Page 90 of In the Shadows


Font Size:

Sid started packing up his tools. "I should head out. Grace wants me home for dinner, and I've got to shower off about three pounds of swamp water first."

"Thank you for this," Ronan said. "I'd still be staring at the dock, wondering where to start."

"That's what neighbors are for." Sid hoisted his toolbox. "Same time next Saturday?"

"I'll be here."

Sid nodded to Lila as he passed, and she watched him go with a thoughtful expression.

"He's good for you," she said when his truck had disappeared down Lake Road. "Having someone who understands."

"He thinks I'm still waiting for something bad to happen."

"Aren't you?"

Ronan looked at her. She stood barefoot on the grass, the late afternoon light catching the gold in her hair, and he thought about all the ways he'd learned to guard himself. All the walls he'd built. All the exits he'd always kept in sight.

"I'm trying not to," he said. "It's harder than I expected."

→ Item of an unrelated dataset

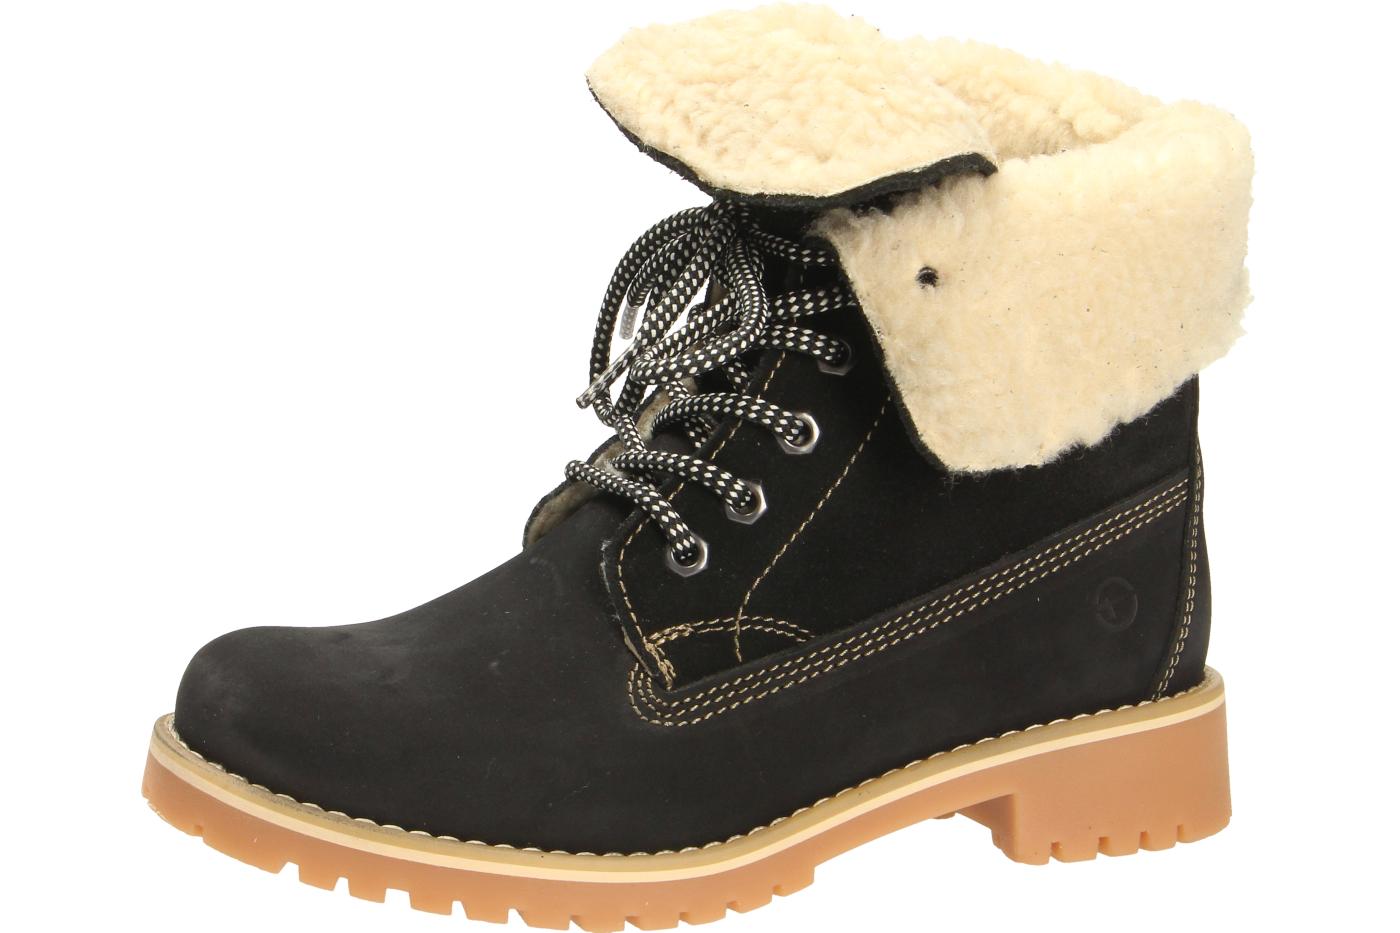 Rieker Stiefelette Schuhe Damen Warmfutter Stiefel Damenschuhe Schwarz  L4691-01
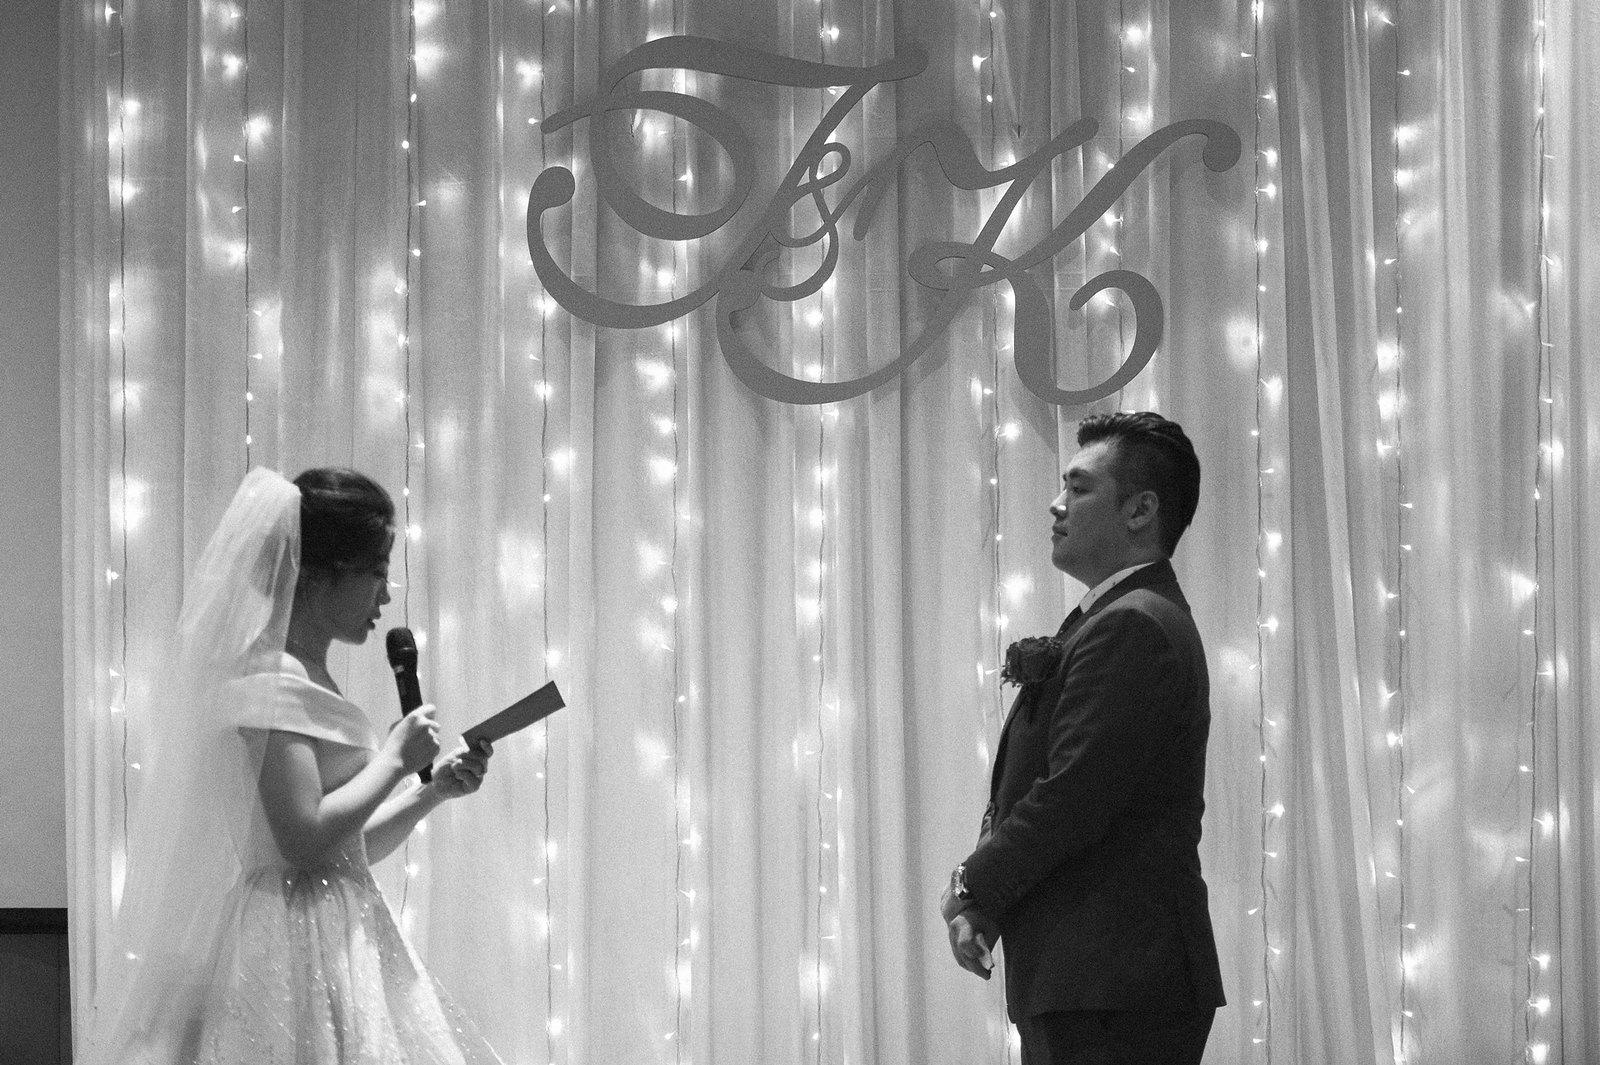 【婚攝】Ted & Karen / 台北萬豪酒店 Taipei Marriott Hotel

"I know." She moved closer, took his hand. Her fingers were cool despite the heat. "I spent five years waiting for the other shoe to drop. Waiting for someone to figure out what I knew, what I was doing. It becomes a habit."

"How do you break it?"

"I don't know if you do. I think you just... build new habits on top of it. Better ones." She looked at the skeletal dock, the piles of lumber, the cooler, the tools, and the evidence of a day's work. "Like this. Building something instead of tearing it down."

"Sid says Quinn might have work for me. Construction security."

"Would you want that?"

"I don't know. I've never had a job that didn't involve classified briefings and operational security protocols." He squeezed her hand. "But I'm willing to find out."

She leaned into him, her head finding the hollow of his shoulder. They stood like that for a while, watching the light change over the water.

"The district attorney called today," she said quietly. "They've set a date for Warren's trial. February twelfth."

"That's sooner than they expected."

"He waived his right to delay. His lawyers are pushing for a speedy trial—they think they can suppress enough evidence to create reasonable doubt." Her voice hardened. "They're wrong."

"You sound sure."

"I am. My father's files are meticulous. The forensic accounting is solid. And the medical examiner's testimony about the drugs they used—" She stopped, took a breath. "They're not getting away with it. Not this time."

Ronan pulled her closer. He thought about what Sid had said—that you couldn't put your life on hold waiting for threats that might never come. That surviving the war wasn't the same as winning it.

"February twelfth," he said. "I'll be there."

"You don't have to?—"

"Yes, I do." He turned her to face him, his hands on her shoulders. "This is what I'm here for now. Not missions. Not operations. This. You. Whatever comes next."

Her eyes searched his face. "You mean that."

"I bought a house with a collapsing dock. I spent all day pulling up rotted boards with a guy I barely know. I'm thinking about taking a job that doesn't require a security clearance." He let himself smile. "I've never meant anything more in my life."

She kissed him then—not soft, not gentle, but fierce. Like she was trying to prove something. Or maybe just claiming it.

When she pulled back, her eyes were bright.